Richard Jewell, parade grand marshal, tosses candy to spectators along the parade route in Carmel, Ind., Wednesday, July 4, 2001. Jewell, who was the focus of an FBI investigation for the 1996 Olympic Park bombing, was being honored as one of the nation's unsung heroes. (AP Photo/John Harrell)
He was initially hailed as a hero after the July 27, 1996, bombing for spotting a suspicious backpack and moving people out of harm's way just before the explosion.
But three days later, a report in The Atlanta Journal-Constitution described him as "the focus" of the investigation. Other media, to varying degrees, also linked Jewell to the probe.
He was questioned but never arrested or charged, and the bomber turned out to be anti-government extremist Eric Rudolph.
Jewell sued several media organizations and settled for undisclosed amounts.

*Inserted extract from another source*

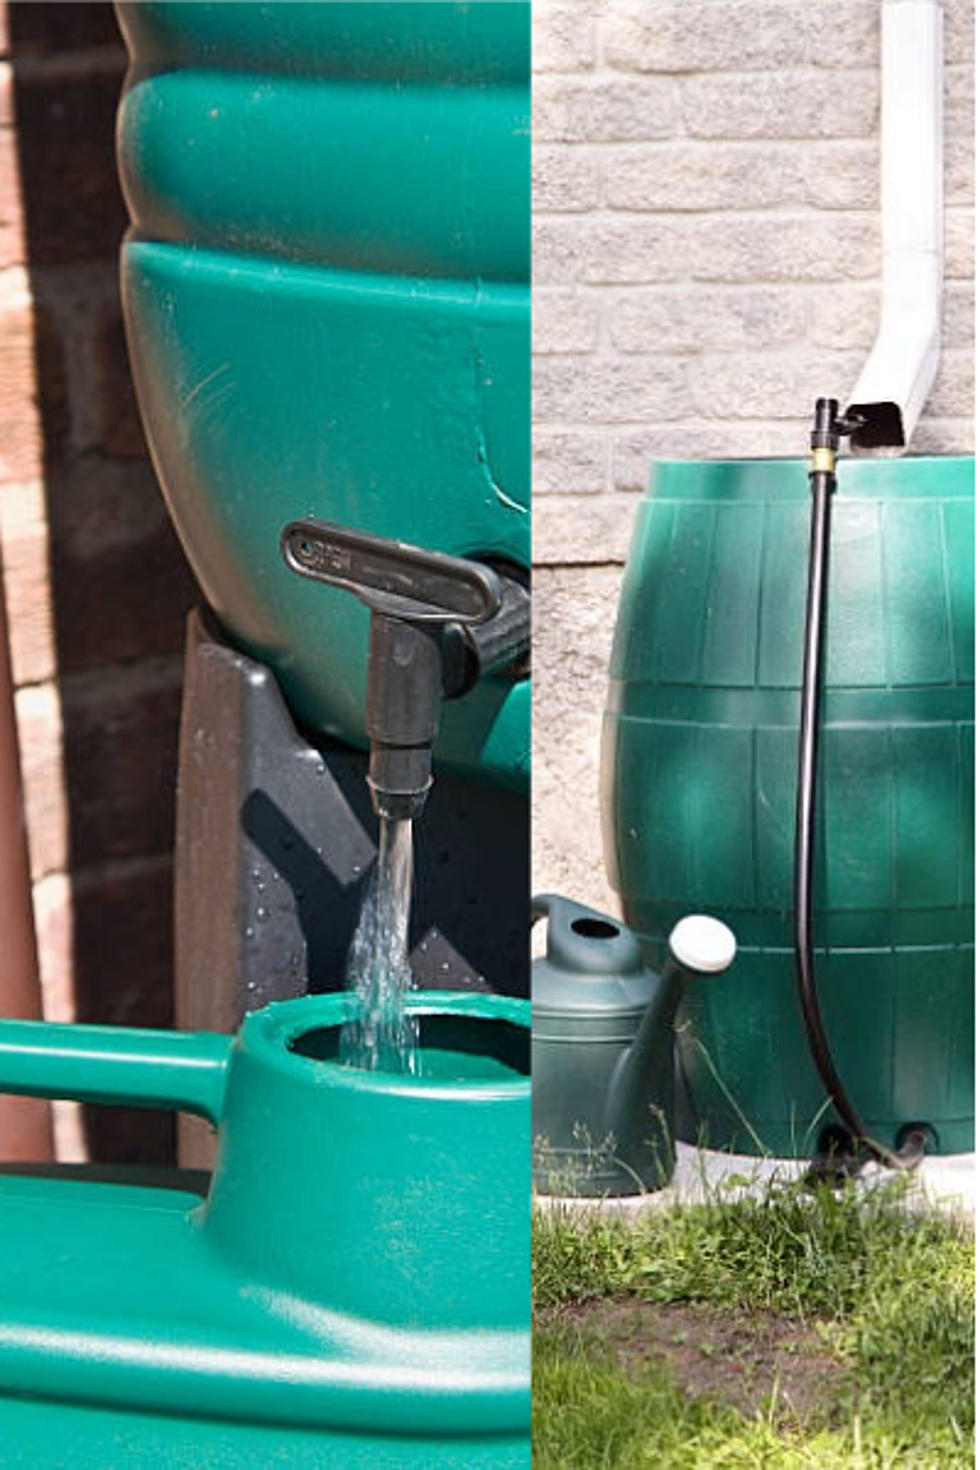 Is It Illegal To Collect And Save Rainwater In Massachusetts?

A suit he filed against the Journal-Constitution is set for trial in January, and Wood has said he will pursue the suit on behalf of Jewell's estate. The newspaper has stood by its coverage.
A 1997 Life magazine article on Jewell's plight with the media greeted mourners in front of the church pews Friday. Beside the article were pictures of him in happier times, in his police uniform, at a sporting event, with his wife of six years, Dana.
Richard Jewell reads a statement as Georgia Gov. Sonny Perdue looks on Tuesday, Aug. 1, 2006 at the Capitol in Atlanta. Perdue honored Jewell with a belated commendation for his services to the state of Georgia during the 1996 Olympic games. (AP Photo/John Bazemore)
Since the Olympics, Jewell worked in various law enforcement jobs, including as a police officer in Pendergrass, Ga., where his partner was fatally shot in 2004 during the pursuit of a suspect.
The Rev. Jonathan Porter, chaplain of the Meriwether County Sheriff's Office, where Jewell was working as a deputy before he fell ill from diabetes and kidney problems this year, said all Jewell ever wanted to be was a police officer.
A large contingent of sheriff's deputies and police officers from several Georgia communities attended the service.
"It takes a special person to go through what he went through and still love law enforcement," Porter said.